Long-term tenants in assured shorthold tenancy contracts often aren’t protected from ‘no-fault’ section 21 evictions: a clause that can allow landlords to evict tenants if they do not agree to rent increases. Despite promises from the government to abolish this clause, Section 21 evictions still remain legal, with the LRU reporting a 76 per cent increase taking place since last year.
“Thankfully we were able to negotiate with the landlord, but that’s only because of hard work and luck – we weren’t protected by the law,” Cara said. “Fighting these battles becomes an unpaid job – you’re already paying rent, but you then you have to put in all this extra work just to have security.”

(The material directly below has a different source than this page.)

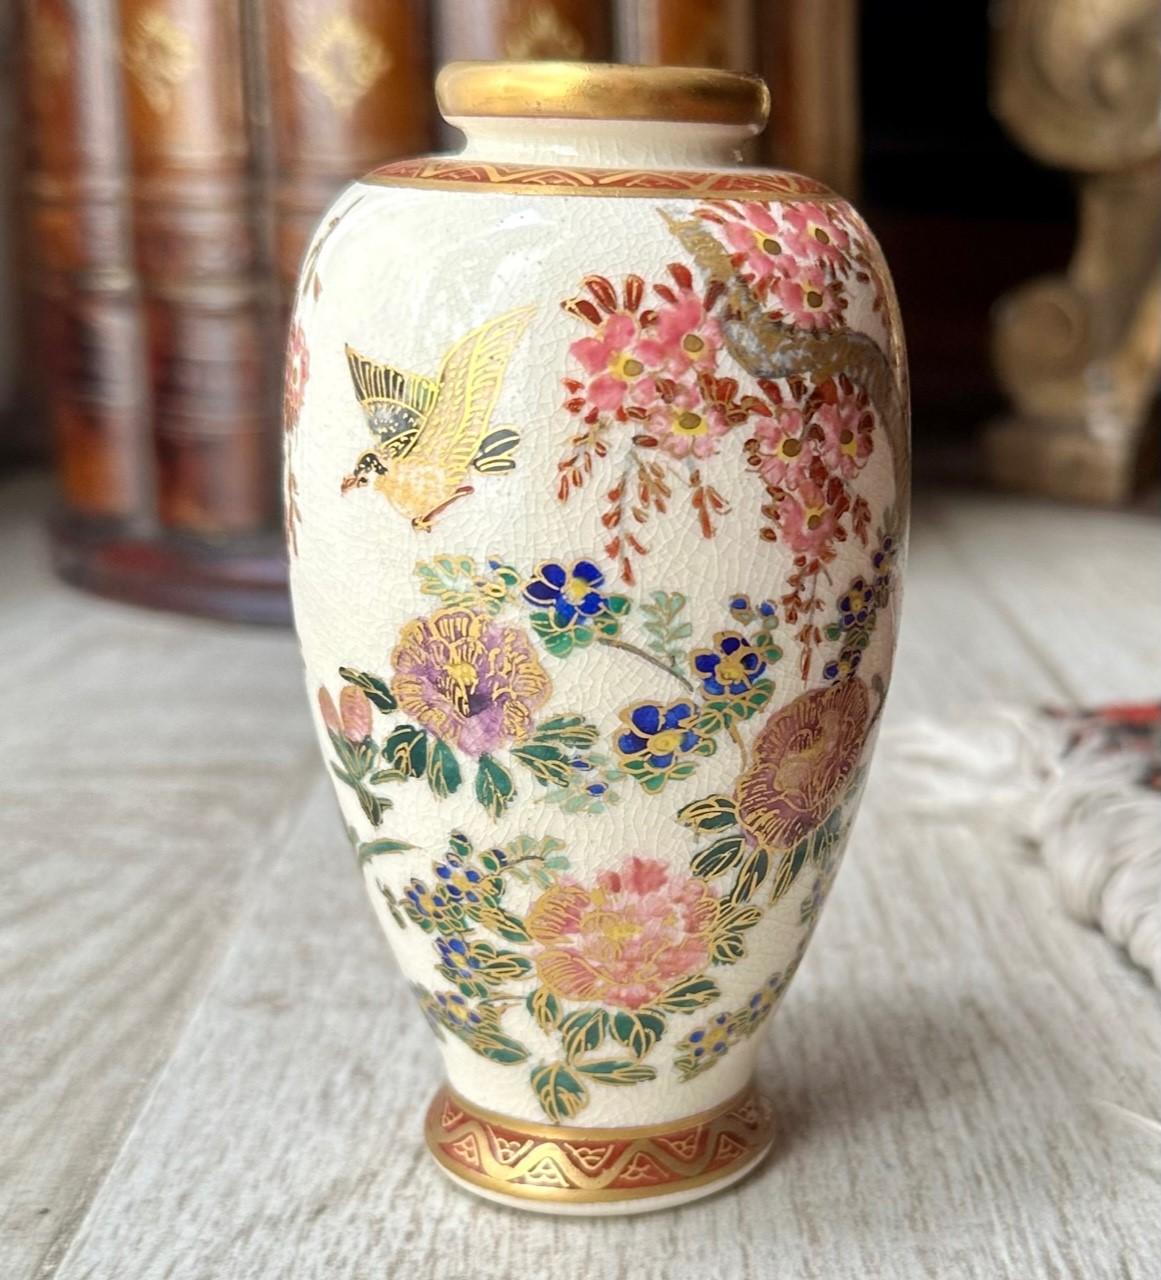 Petit vase balustre Satsuma de la période Meiji.

Ce vase japonais Satsuma de la fin de la période Meiji est peint à la main et décoré en dorure d'un paysage japonais aux détails exquis. La scène dans la nature est luxuriante avec des branches de

“I joined LRU just over a year ago, because rent is the single biggest outgoing for everyone – this hits us all hard, and it’s really unfair,” said Johnathan, a marcher for LRU in Stratford. “Housing has gone from being a bare necessity to being a point of investment – people who can’t afford a house are being used to generate profit by big, career landlords.”
“The short-term solution to this crisis is a rent freeze,” Johnathan said. “Rents are going up at a massive rate that doesn’t match inflation – a freeze isn’t a matter of ‘want’, it’s a necessity. Renters will be made homeless on a huge scale if we don’t act now.”
Mayor of London Sadiq Khan has also expressed his support for a rent freeze, calling on government ministers to enact a two-year cap on private rents in the capital.
“London’s private renters are facing a triple whammy with rising rents, bills, and the cost of household essentials putting a major strain on their finances. Ministers must take this crisis seriously and act now.”